**Records for the task:**

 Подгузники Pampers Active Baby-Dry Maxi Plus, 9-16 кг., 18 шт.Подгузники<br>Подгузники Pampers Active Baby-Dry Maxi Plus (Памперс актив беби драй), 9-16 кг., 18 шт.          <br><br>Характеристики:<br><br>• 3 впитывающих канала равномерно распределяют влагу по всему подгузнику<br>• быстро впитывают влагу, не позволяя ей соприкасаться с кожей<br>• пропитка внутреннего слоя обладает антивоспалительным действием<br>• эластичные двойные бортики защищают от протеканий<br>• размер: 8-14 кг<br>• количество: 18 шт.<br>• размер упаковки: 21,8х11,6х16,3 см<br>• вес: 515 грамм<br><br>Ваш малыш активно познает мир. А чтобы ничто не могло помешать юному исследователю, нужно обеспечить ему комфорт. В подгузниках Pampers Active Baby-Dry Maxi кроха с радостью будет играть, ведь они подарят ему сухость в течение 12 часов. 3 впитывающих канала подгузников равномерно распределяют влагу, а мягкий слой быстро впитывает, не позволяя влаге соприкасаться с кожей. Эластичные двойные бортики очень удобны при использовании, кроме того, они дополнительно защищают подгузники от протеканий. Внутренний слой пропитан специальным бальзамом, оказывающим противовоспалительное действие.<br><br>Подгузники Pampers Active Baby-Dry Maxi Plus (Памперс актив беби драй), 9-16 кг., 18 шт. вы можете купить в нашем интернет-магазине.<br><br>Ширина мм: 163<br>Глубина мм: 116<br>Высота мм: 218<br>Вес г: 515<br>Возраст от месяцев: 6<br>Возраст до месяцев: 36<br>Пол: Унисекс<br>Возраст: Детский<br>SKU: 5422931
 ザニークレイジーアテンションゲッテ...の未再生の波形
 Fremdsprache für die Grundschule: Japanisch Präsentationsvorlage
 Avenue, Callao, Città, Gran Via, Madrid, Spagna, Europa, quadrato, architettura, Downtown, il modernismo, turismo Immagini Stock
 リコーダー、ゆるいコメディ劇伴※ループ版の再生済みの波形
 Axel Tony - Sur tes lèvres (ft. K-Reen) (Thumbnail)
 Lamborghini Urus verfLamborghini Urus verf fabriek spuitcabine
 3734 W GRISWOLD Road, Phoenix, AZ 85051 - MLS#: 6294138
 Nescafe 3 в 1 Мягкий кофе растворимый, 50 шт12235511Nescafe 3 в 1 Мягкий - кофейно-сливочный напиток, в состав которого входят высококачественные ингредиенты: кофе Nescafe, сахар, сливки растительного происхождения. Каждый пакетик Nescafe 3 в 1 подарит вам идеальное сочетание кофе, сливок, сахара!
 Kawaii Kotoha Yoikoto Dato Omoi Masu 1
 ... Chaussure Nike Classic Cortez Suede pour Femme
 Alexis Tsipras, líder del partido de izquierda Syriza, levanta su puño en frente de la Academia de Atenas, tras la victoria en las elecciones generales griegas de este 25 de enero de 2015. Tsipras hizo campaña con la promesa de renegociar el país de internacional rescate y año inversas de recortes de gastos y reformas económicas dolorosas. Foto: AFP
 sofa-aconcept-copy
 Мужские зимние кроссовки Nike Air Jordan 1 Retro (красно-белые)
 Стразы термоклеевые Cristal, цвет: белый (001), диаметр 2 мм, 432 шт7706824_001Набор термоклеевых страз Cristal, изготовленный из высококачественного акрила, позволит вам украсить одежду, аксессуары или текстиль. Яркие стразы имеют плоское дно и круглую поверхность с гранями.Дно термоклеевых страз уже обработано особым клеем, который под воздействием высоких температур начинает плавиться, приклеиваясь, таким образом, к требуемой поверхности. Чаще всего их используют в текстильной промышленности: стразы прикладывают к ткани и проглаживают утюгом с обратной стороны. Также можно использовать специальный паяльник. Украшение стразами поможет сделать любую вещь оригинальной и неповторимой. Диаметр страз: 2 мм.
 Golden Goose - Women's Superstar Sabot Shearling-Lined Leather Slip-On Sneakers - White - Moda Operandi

**Assignment:** Find the word "Nike" in the records and pull out each line that has it.

**Response below:**
 ... Chaussure Nike Classic Cortez Suede pour Femme
 Мужские зимние кроссовки Nike Air Jordan 1 Retro (красно-белые)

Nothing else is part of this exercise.